Monday, November 12, 2007

Red Herring?

Researchers at the Institute of Animal Health's Compton laboratory have been awarded a commendation described as "Outstanding Contribution by an Academic or Scientific Institution", at the Animal Health Awards, for their work in developing a diagnostic test for cattle which have been "vaccinated against bovine tb".

But is the vaccination of cattle for Tb a viable solution to a problem which is endemic in wildlife?

The test as Farmers Weekly reports, is said to differentiate between cattle 'vaccinated against bTb' and those infected with the disease.

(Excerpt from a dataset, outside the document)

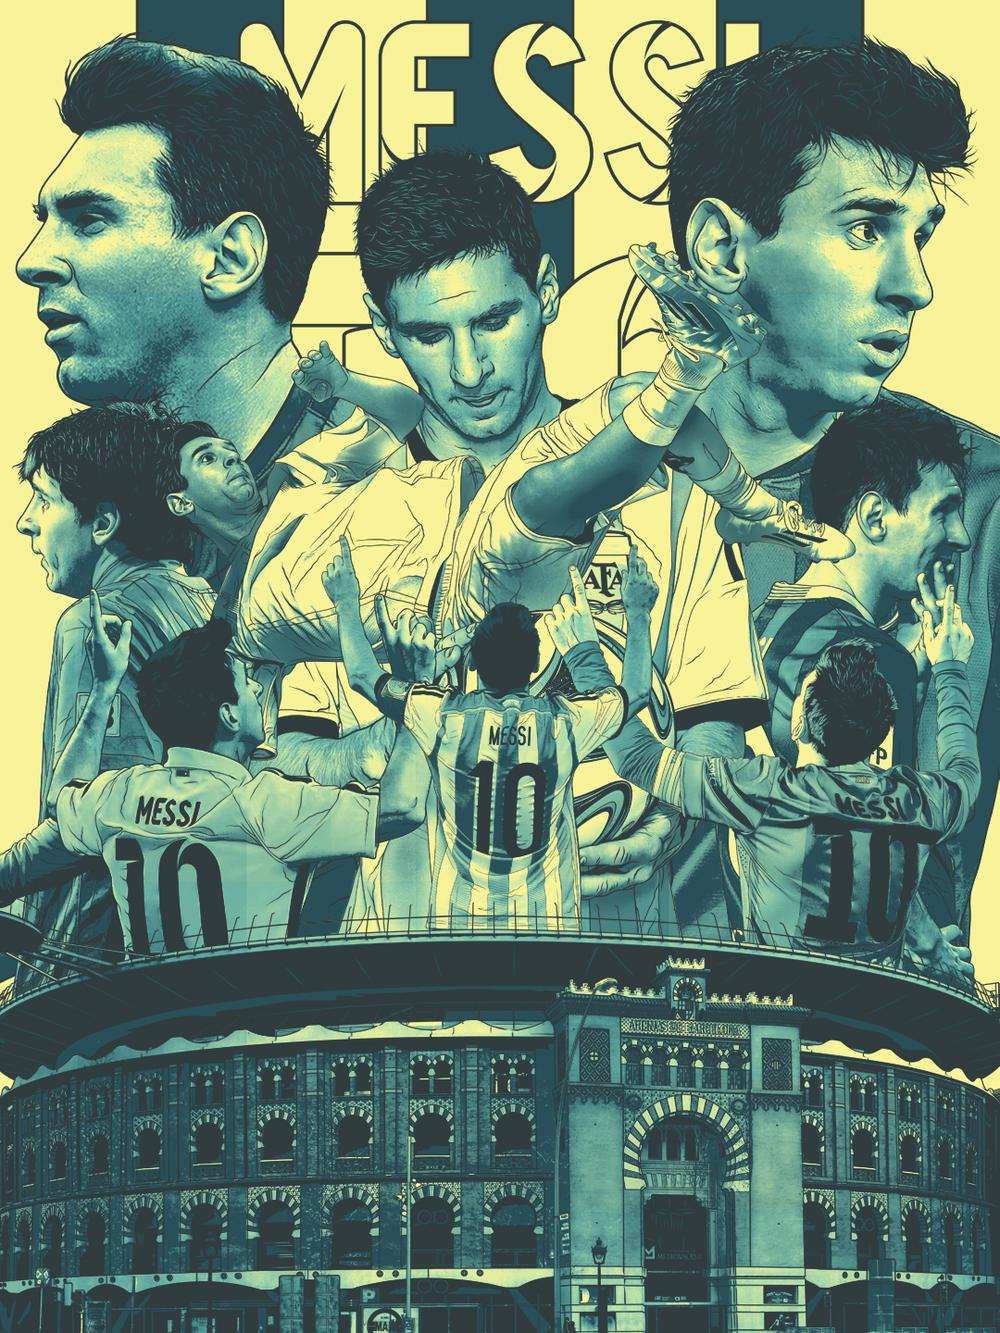 La-Casa-Que-Messi-Construyo-2-copy.jpg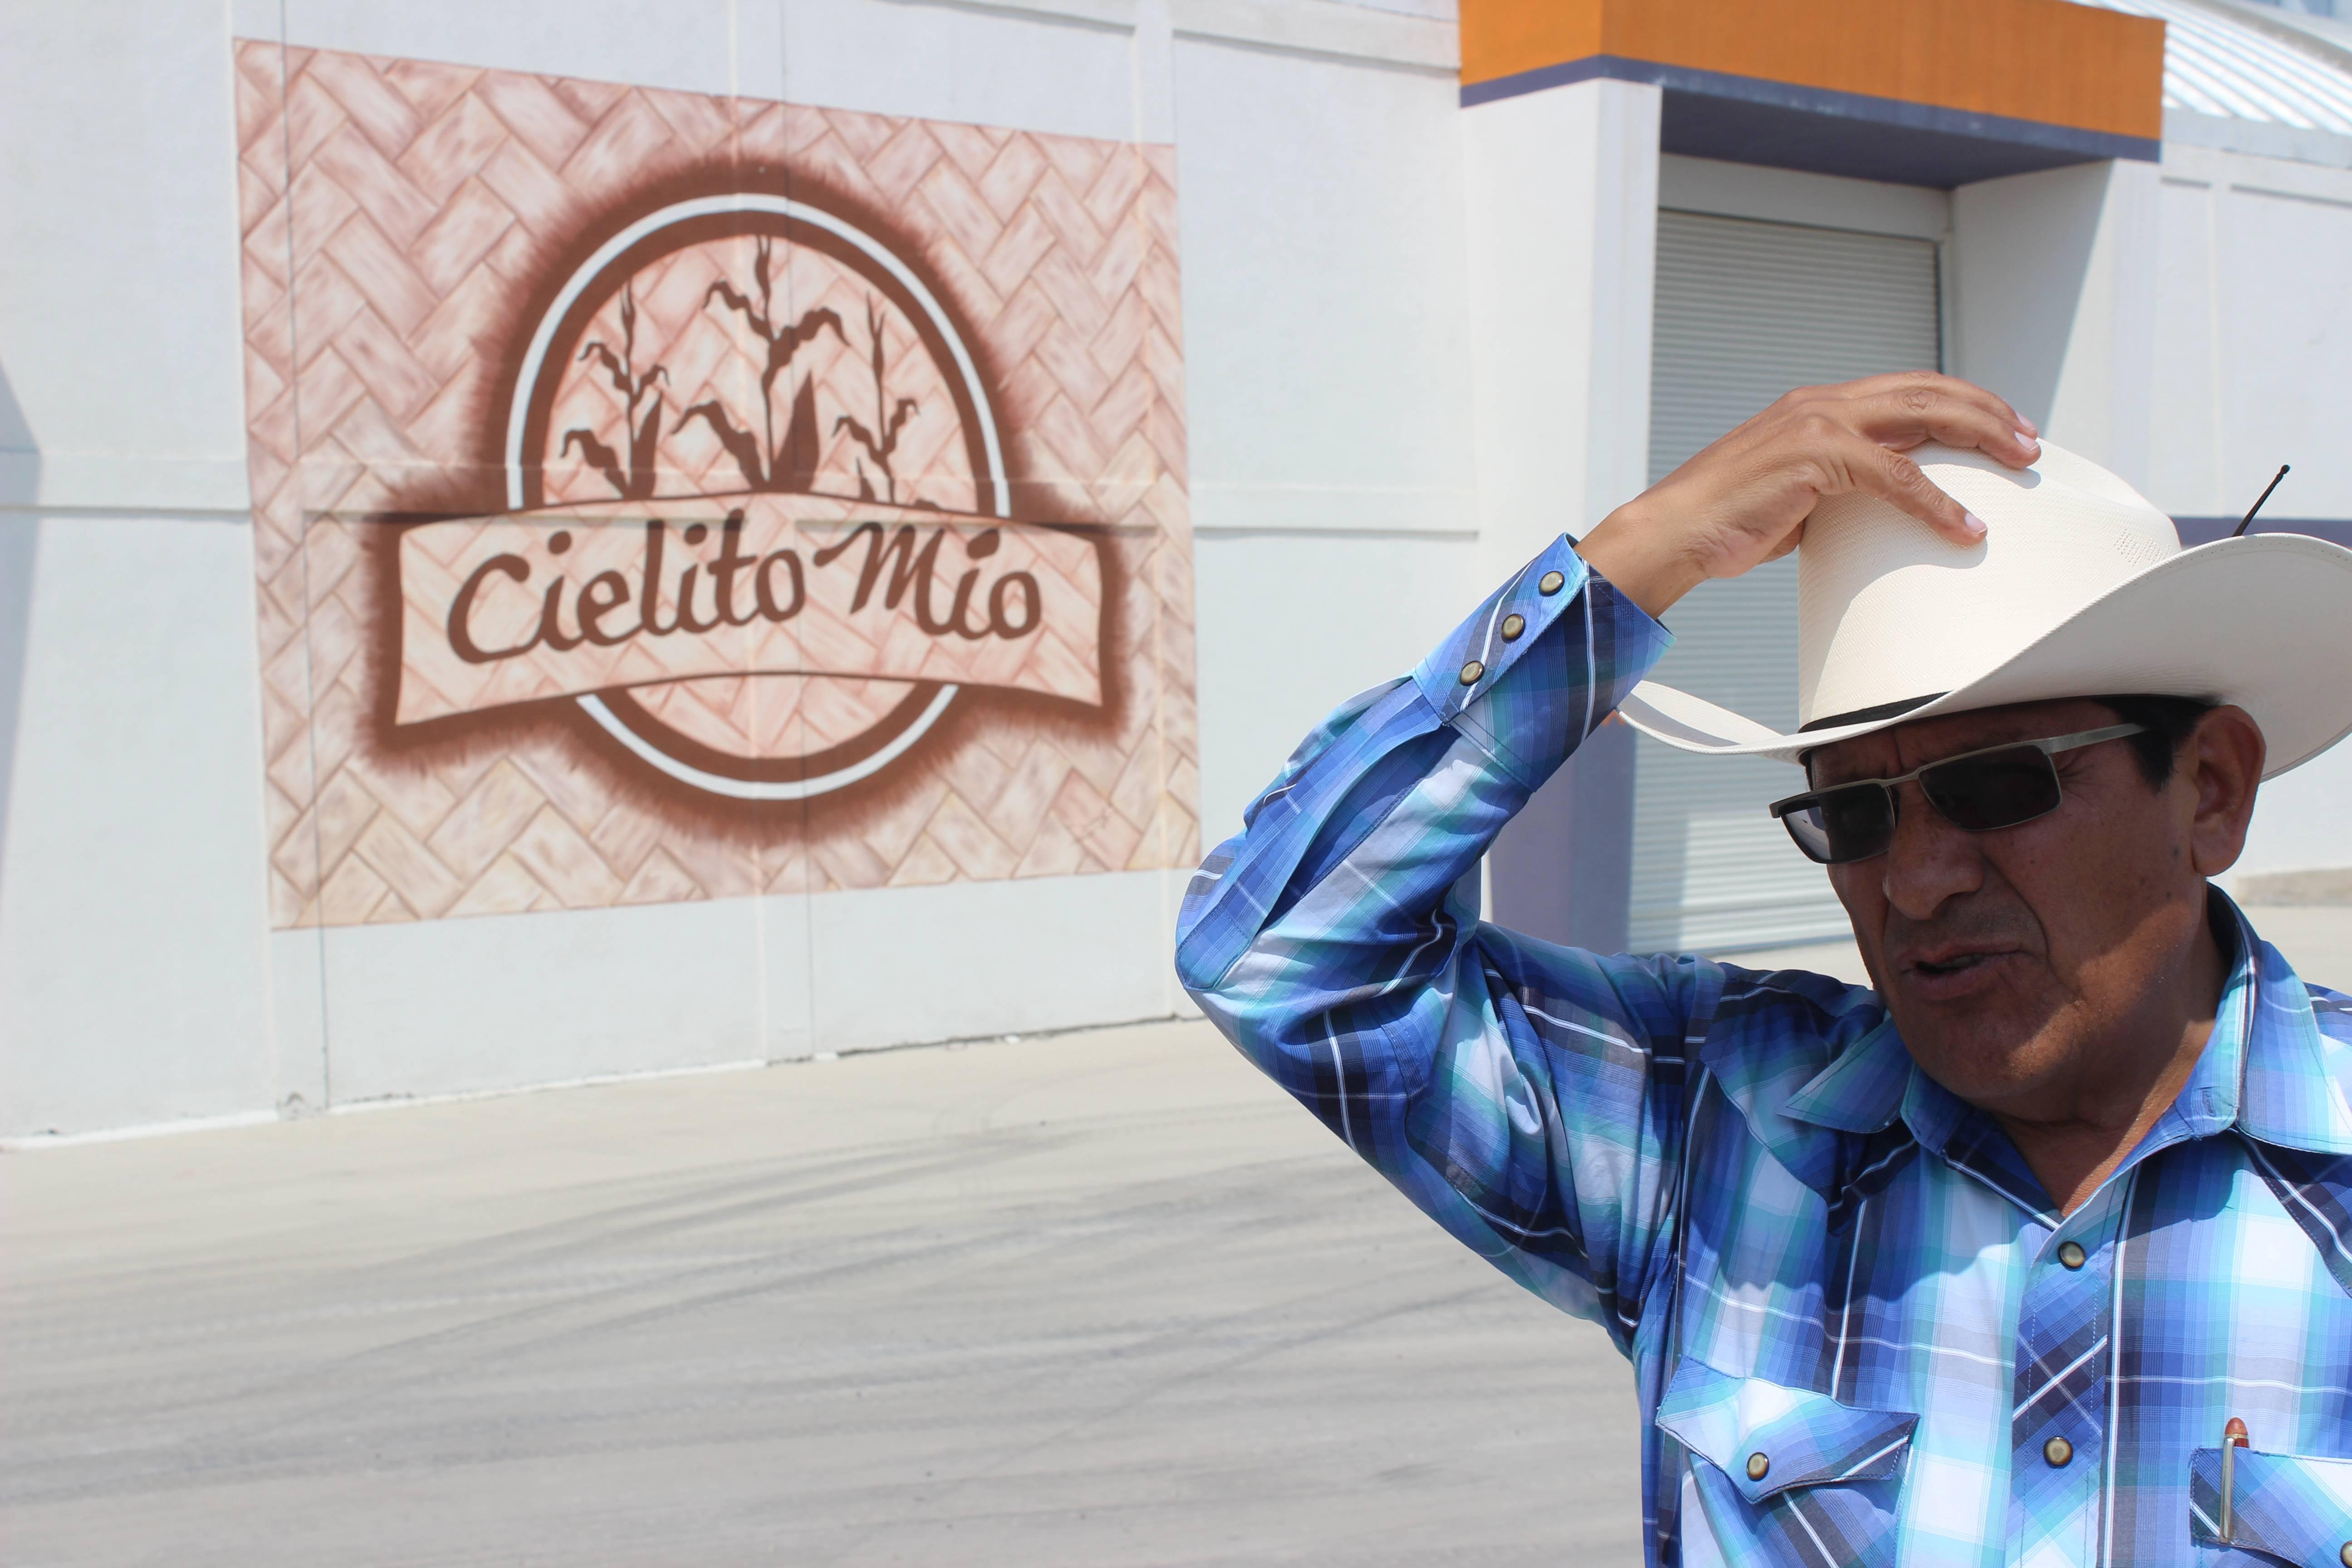 Efraín García Bello lidera um grupo de 12 mil pequenos agricultores em Puebla, região central do México.

TB is on the increase in the UK cattle herd, costing more than £90m a year and vaccination is under "active consideration", say the Institute of Animal Health. This would involve using the same vaccination used to immunise humans against the disease, BCG.

However, BCG-vaccinated cattle test positive using the tuberculin skin test. Before a bovine TB vaccination strategy can be implemented, a method of distinguishing between vaccinated and infected animals has to be established.
With all due respect to the researchers at Compton, Tb vaccine has been "under consideration" for as many years as I can remember. On other forums, vaccination of cattle for various disease is under active discussion. Vaccination is used worldwide for some notifiable dieases as an anti- marketing tool, and should countries adopt it, their produce is automatically disqualified from entry into other trading blocs.

The current discussions centre on the midge bourne BTV (bluetongue virus) which had not been reported in the UK before this year. We therefore qualified for "BTV free status zoning". And for years this country excluded exports of breeding stock, embryos, semen etc from parts of the world whose geographic location encouraged BTV midges and whose stock were vaccinated. Vaccination across Europe is now on the cards, but as a compulsory trading bloc, which will probably mean in due course that BTV is "de-listed" from its current notifiable status.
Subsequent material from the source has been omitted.